Send logs to a central system (ELK, Loki, or managed service). Set retention and rotation on the server so local disks do not fill. Use structured logging (JSON) for easier querying and alerting.
Centralize logs
- Why: Search and correlate across servers; single place for retention and alerting. Essential for debugging and security.
- Options: Self-hosted (ELK, Loki, Graylog) or managed (Datadog, Logtail, CloudWatch Logs). Choose by cost, scale, and retention needs.
- Shipping: Agents (Filebeat, Fluentd, Promtail) or syslog; send over TLS. Buffer locally if the central system is down.
Retention and rotation
- On the server: Rotate logs (logrotate, journald) so local disks do not fill. Keep only a short window (e.g. 1–7 days) locally; archive or send the rest to central storage.
- Central: Define retention (e.g. 30 days hot, 1 year cold). Compress and tier to control cost. Comply with any regulatory retention requirements.

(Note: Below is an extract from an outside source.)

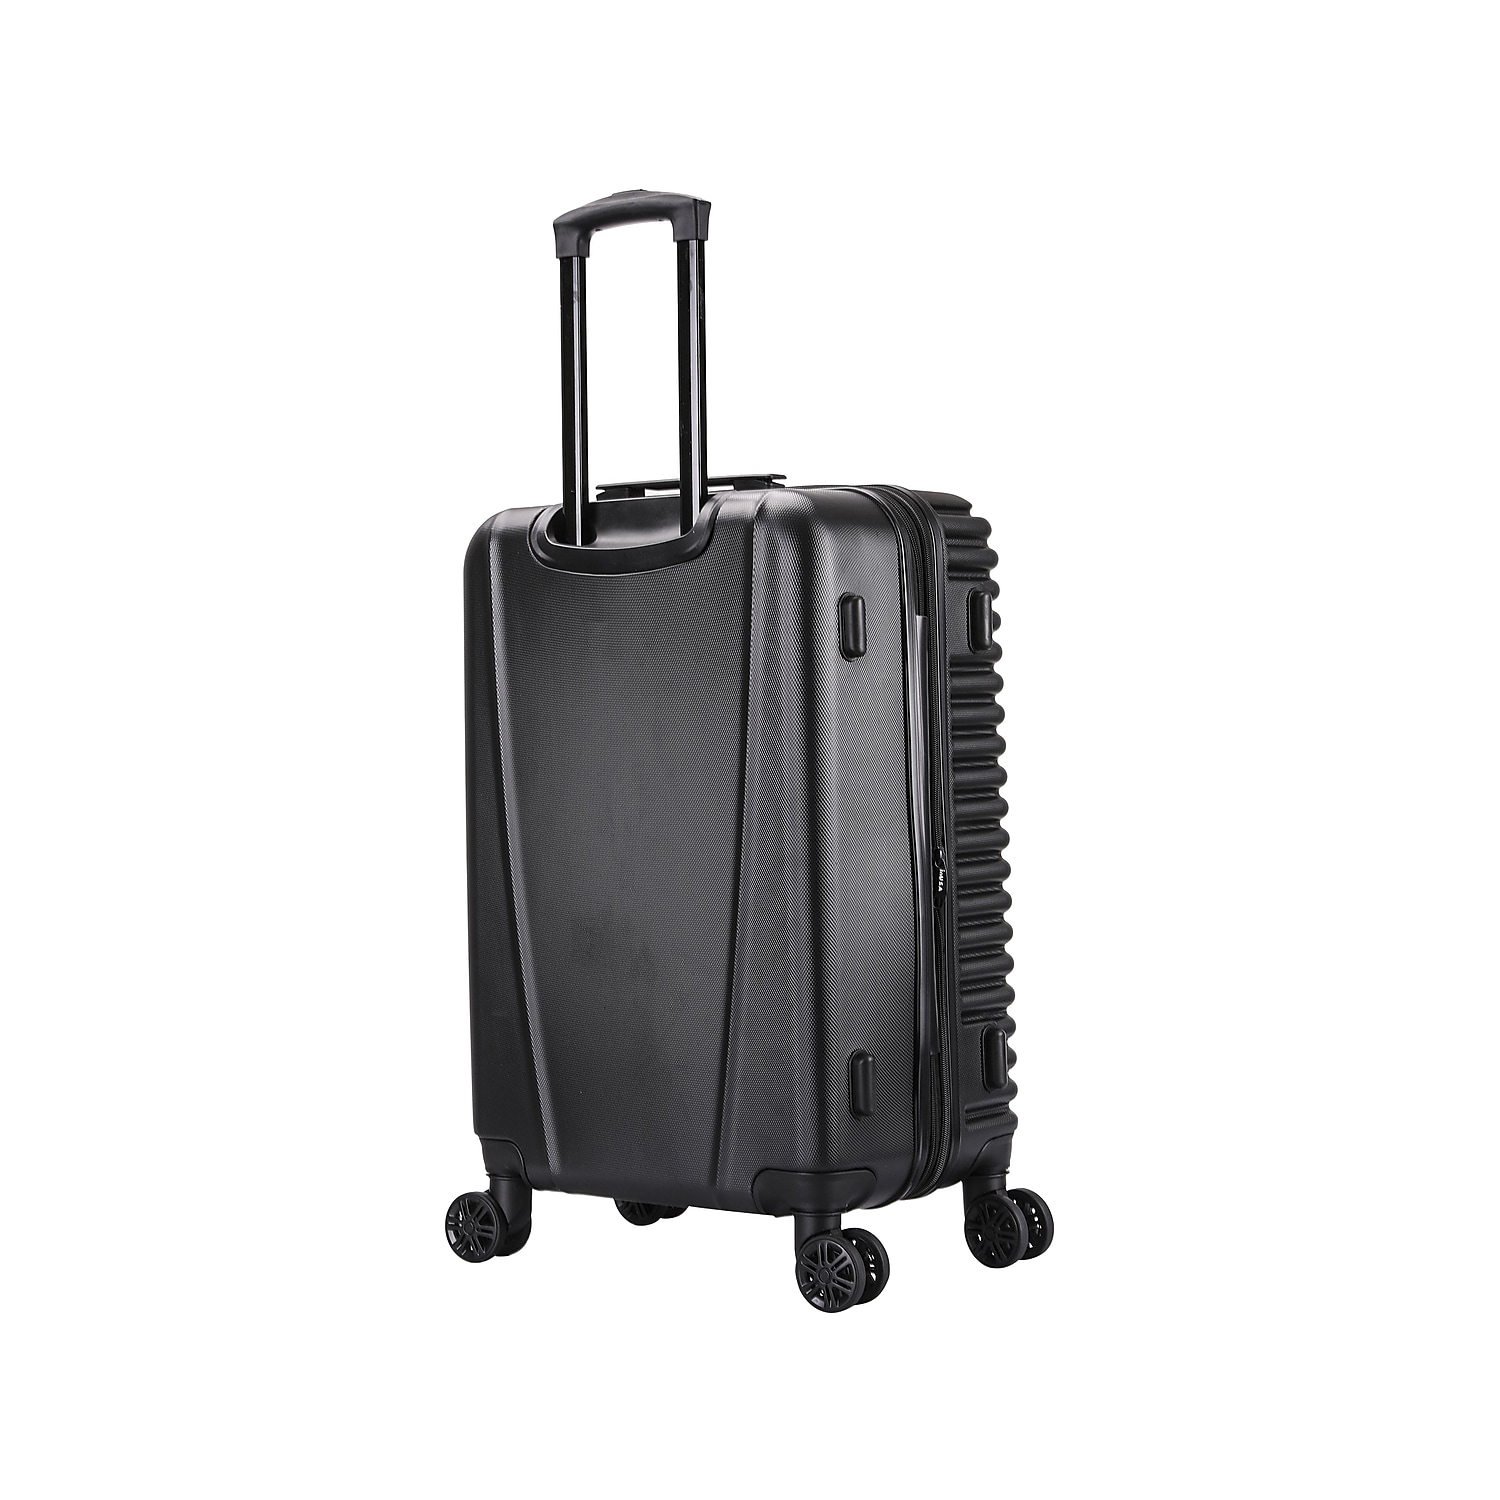 InUSA Ally 24" Hardside Lightweight Luggage with Spinner Wheels, Handle and Trolley, Black - image 5 of 9

- Deletion: Have a clear policy; automate so you do not retain forever by default.
Structured logging
- JSON: Log in JSON so fields (level, message, user_id, request_id) are queryable. Easier to build dashboards and alerts (e.g. "count where status >= 500").
- Consistent schema: Use the same field names across apps so queries and alerts are reusable.
Summary
Centralize logs; set retention and rotation on server and in central store; use structured (e.g. JSON) logging for querying and alerting.